Trust me, been there and done that, tested it. I was EXPECTING to empty my tank, so don't bust my chops for a OOA


and to the OP's ?
do you wand to know how long the air in your bc will last you.
TEST IT!
Sit in your living room, put an average amount of air in your bc. breath out of it, and have a friend time you until you pass out. Then you know. If you really want some kicks; video tape it and have your buddy call in your unsuspecting wife right before you drop to the floor. Ps. put it on youtube and post it here so we and laugh to.
hahahahaha
 
the air doesn't really expand because it is stored in a rigid container. But the apparent pressure in your tank will increase by 14.7 psi per ATM (30ft) as you ascend. this will provide you with about 1/2 of a small breath every ATM.
Trust me, been there and done that, tested it. I was EXPECTING to empty my tank, so don't bust my chops for a OOA

What are you talking about rigid container?

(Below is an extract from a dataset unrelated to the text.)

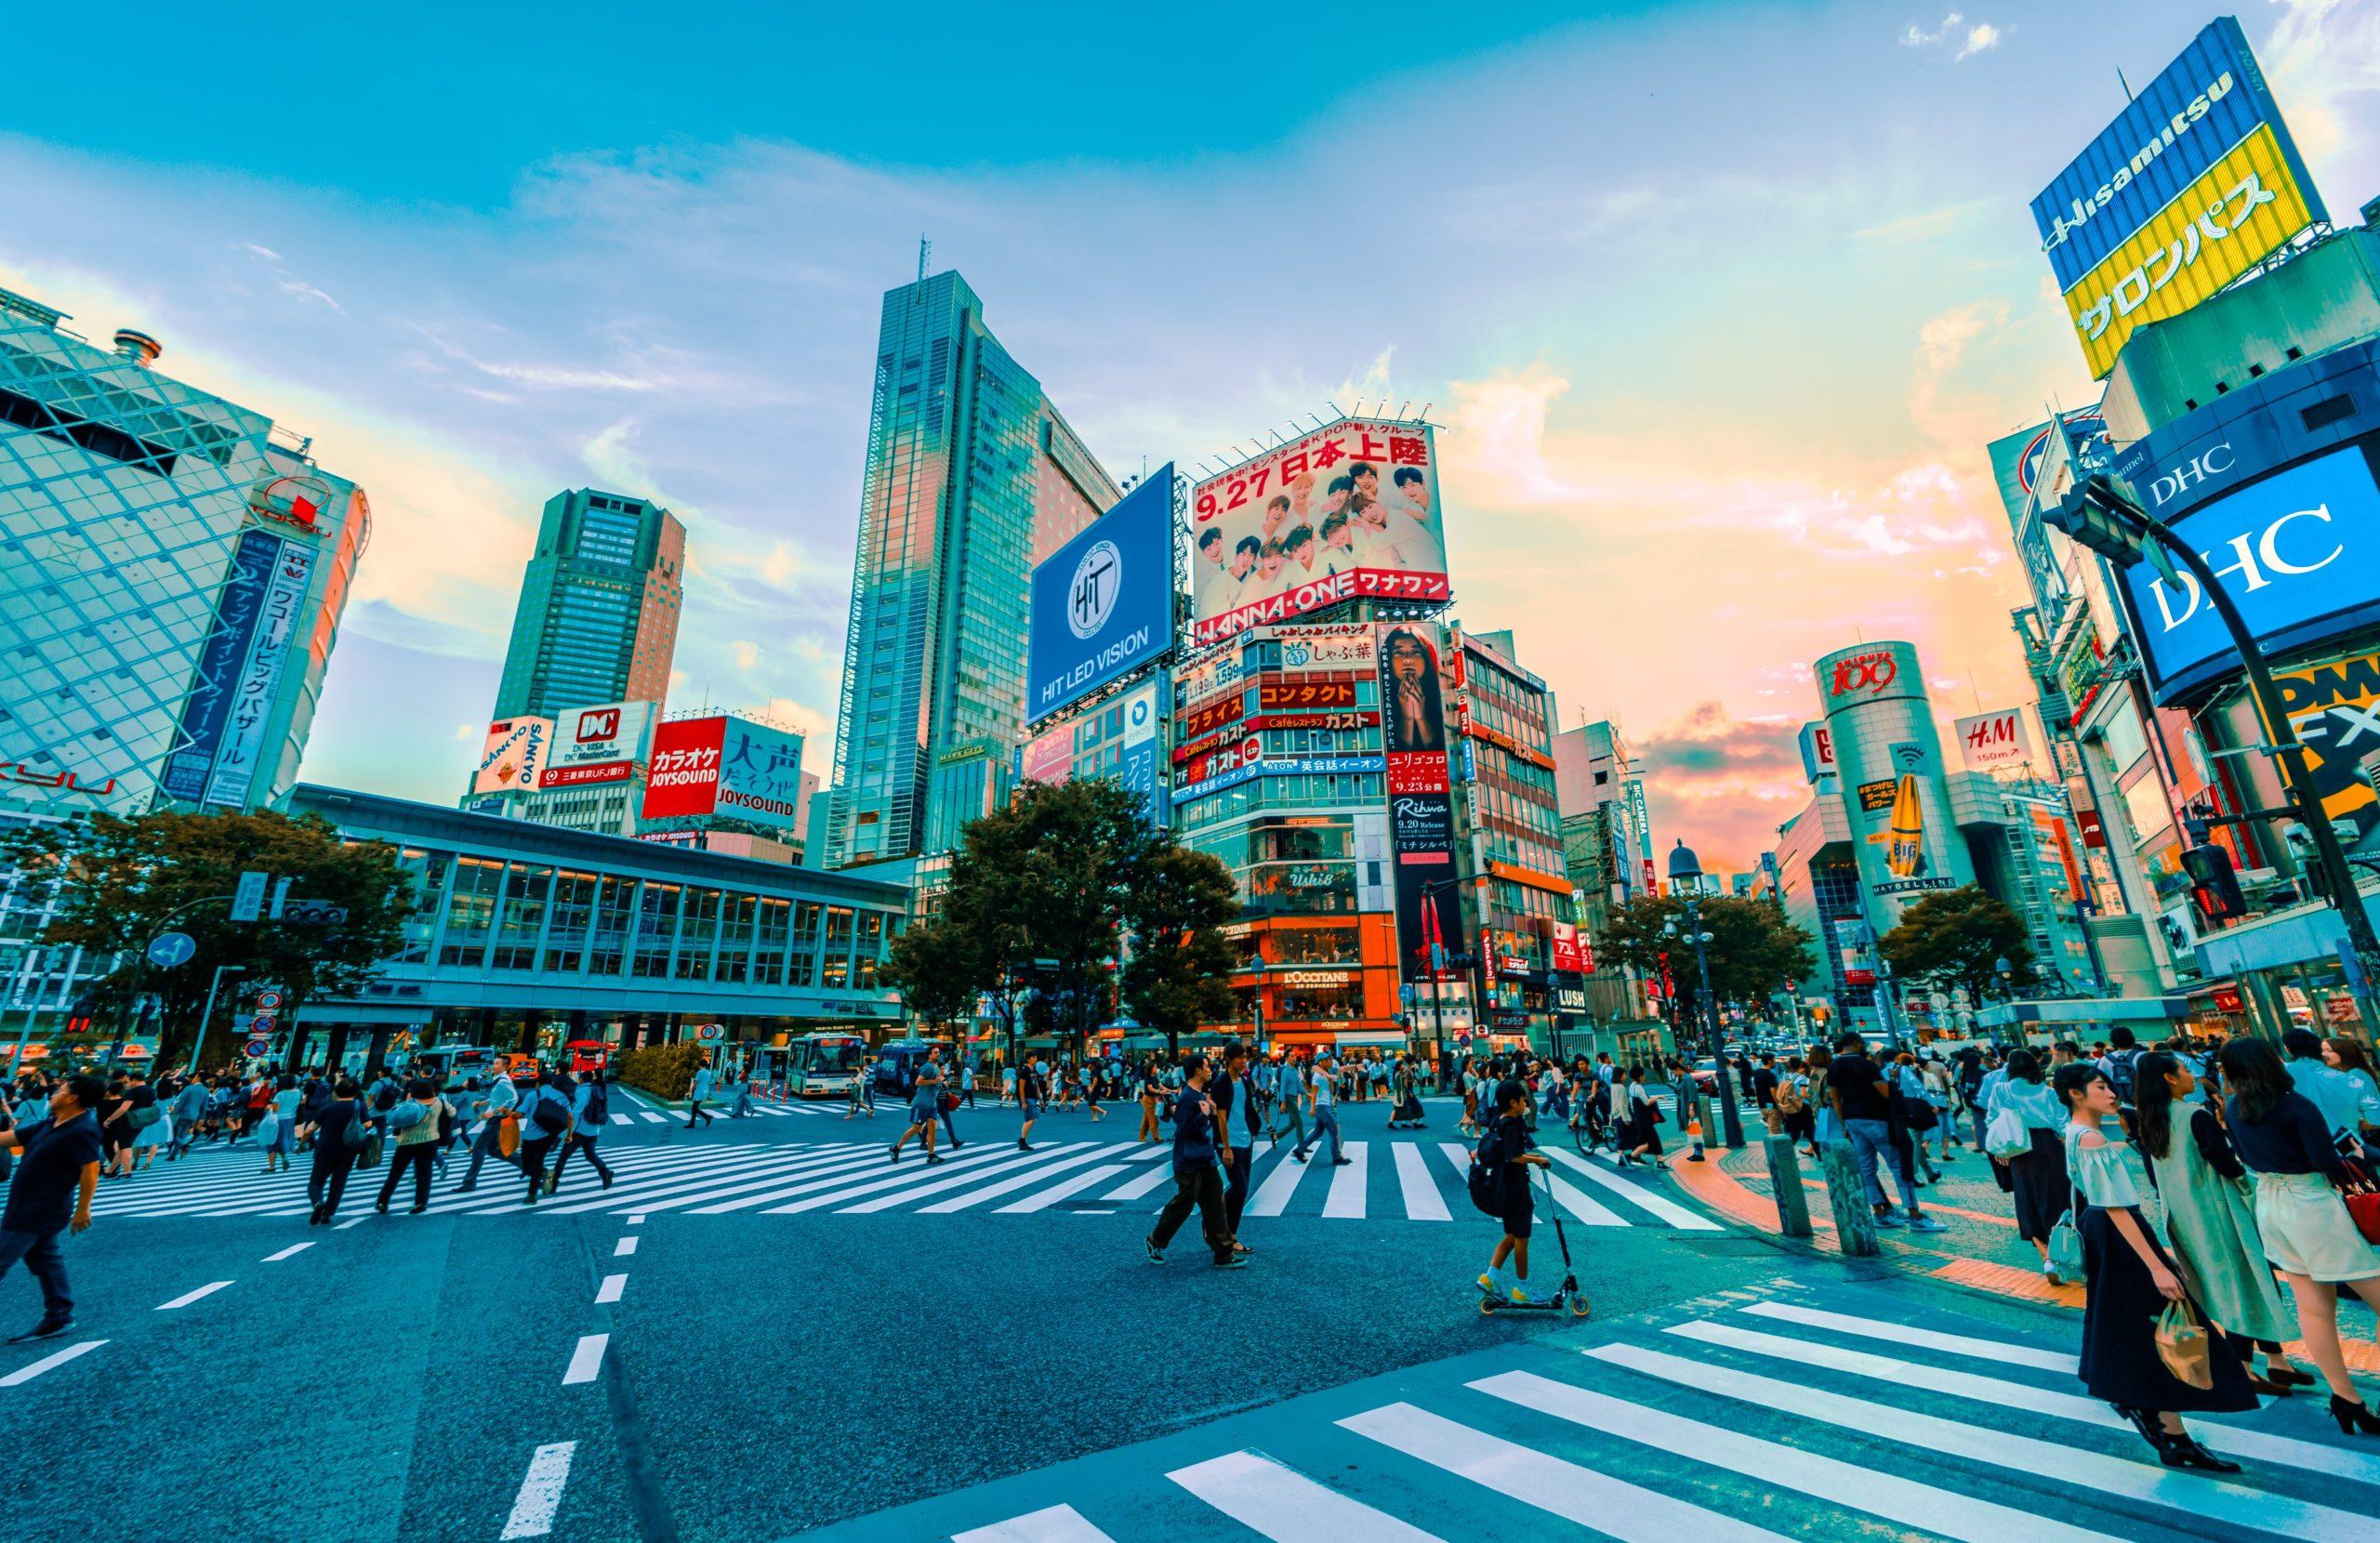 【Japanese Vocabulary】Buildings:建物(たてもの)

Robert Boyle employed a J-shaped piece of glass tubing that was sealed on one end. A gas (air) was trapped in the sealed end of the tube and varying amounts of mercury were added to the J-shaped tube to vary the pressure of the system. Boyle systematically varied the pressure and measured the volume of the gas. These measurements were performed using a fixed amount of gas and a constant temperature. In this way Boyle was able to examine the pressure-volume relationship without complications from other factors such as changes in temperature or amount of gas.

Boyle's original experments were with gas in a rigid container, a glass tube. What difference would a rigid container make anyway?